My lye is in a powder form so I weigh it in the kitchen, my lye in a measuring cup, and weigh my water in a separate measuring container. Then I take them both outside and sit on my porch and slowly pour (or spoon) the lye into the water. I have a concrete porch, so I'm not super worried about the lye spilling. And while I'm outside, if I do spill, I can just grab the hose and douse it with water.

I don't fear lye, but it deserves a healthy respect. It's no worse than handling any other caustic chemical. I used to work in auto parts, so to me, it's no worse than getting battery acid on your skin. It starts to burn and itch, you run it under cold water, and you end up with an itchy red spot for a couple days. I'd say the worst part about lye is the fumes it gives off when mixing. You want to be outside if your kitchen isn't well ventilated, because they'll make you choke.
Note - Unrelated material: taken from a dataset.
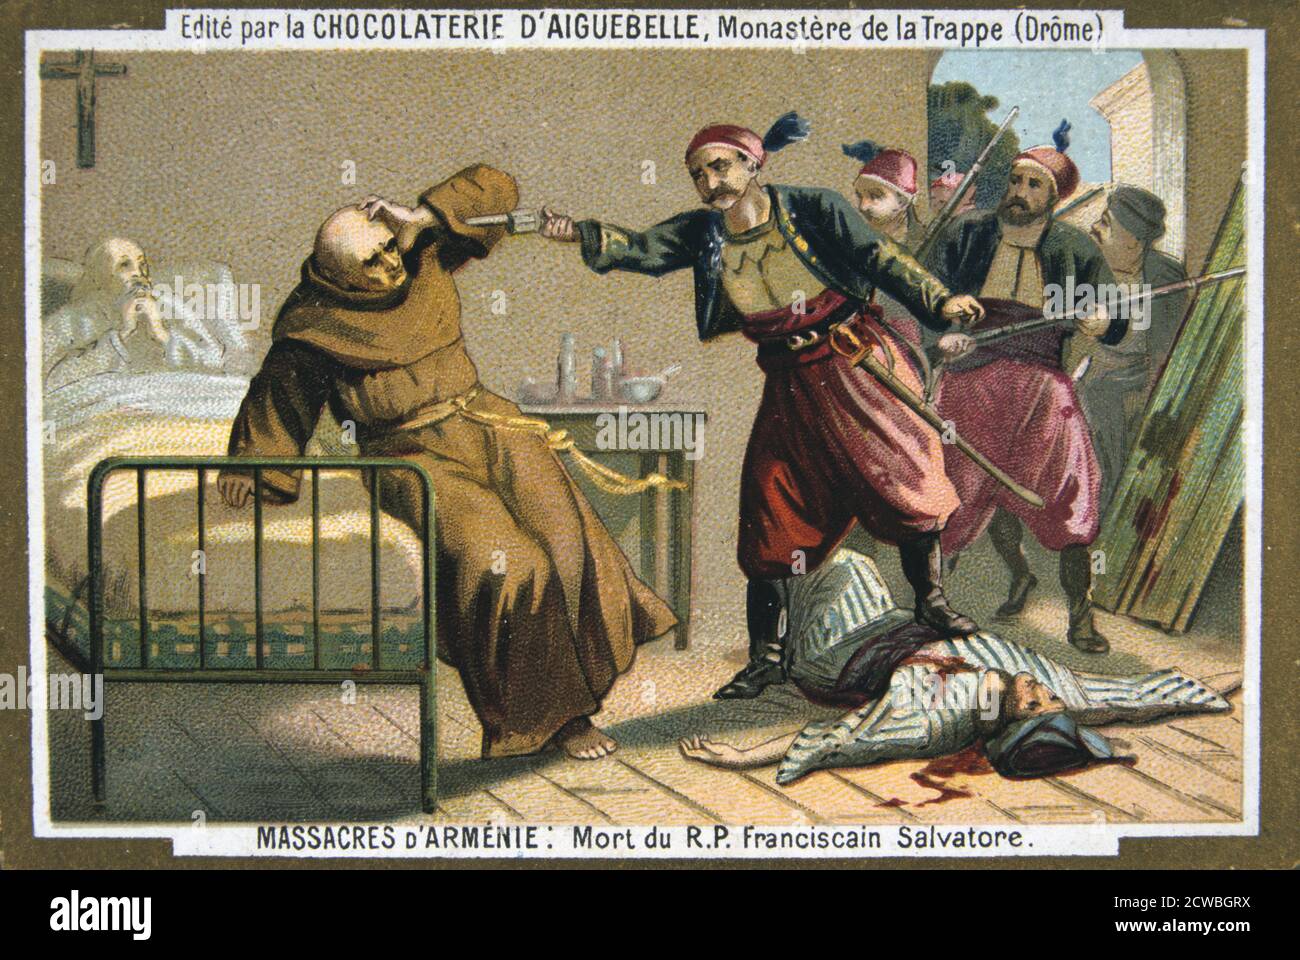 Death of the Reverend Father Salvatore, a Franciscan monk, 1895. Eurocentric portrayal of historical events - scene from the Massacres of Armenia card series produced by the chocolate factory at the Monastery of Aiguebelle. Stock Photo

I've completed 3 batches of soap now, and I'm not uncomfortable handling lye. Some might be more careful for longer. I'm used to working with chemicals because of a previous work environment.
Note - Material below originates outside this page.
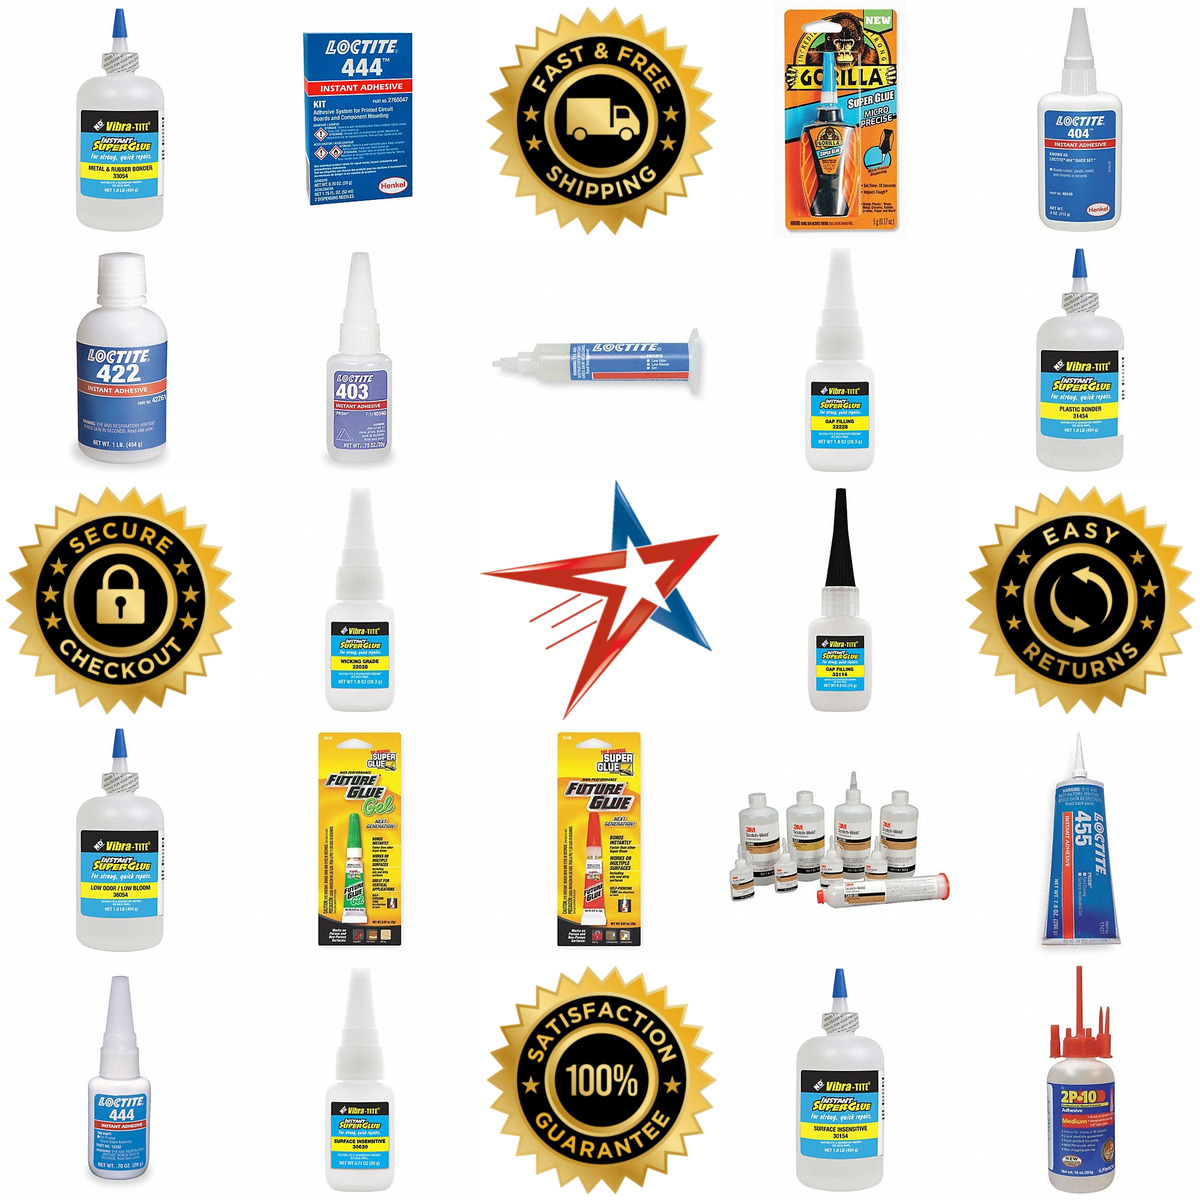 A selection of Instant Adhesives products on GoVets

Sometimes I'm not careful enough though apparently. My husband came rushing into the kitchen the other day because he heard the hand mixer. My cousin called in the middle of all my measurements, and he thought I had started mixing the lye water with the oils while still on the phone. :roll: Silly hubby. Wifey not THAT careless. :silent:


----------



## JayJay (Dec 29, 2015)

Bamagirl said:


> I had read that I could wipe off everything, and then wait until the next day and they would be easier to wash, so I was planning to wash with warm soapy water tomorrow.
> 
> I will actually probably mix up the next batch in the kitchen, I had just read about there could be some fumes and didn't know what to expect so I decided to do it outside this time.



Congratulations on your first batch!  Doesn't it feel awesome!  

Anything with soap batter on it will be easier the wash the next day. But I always rinse out the lye water container and the container that I used to weigh the lye immediately after soaping.  Then I put it with the pile of batter dishes for the next day.


----------



## Bamagirl (Dec 29, 2015)

JayJay said:


> Congratulations on your first batch!  Doesn't it feel awesome!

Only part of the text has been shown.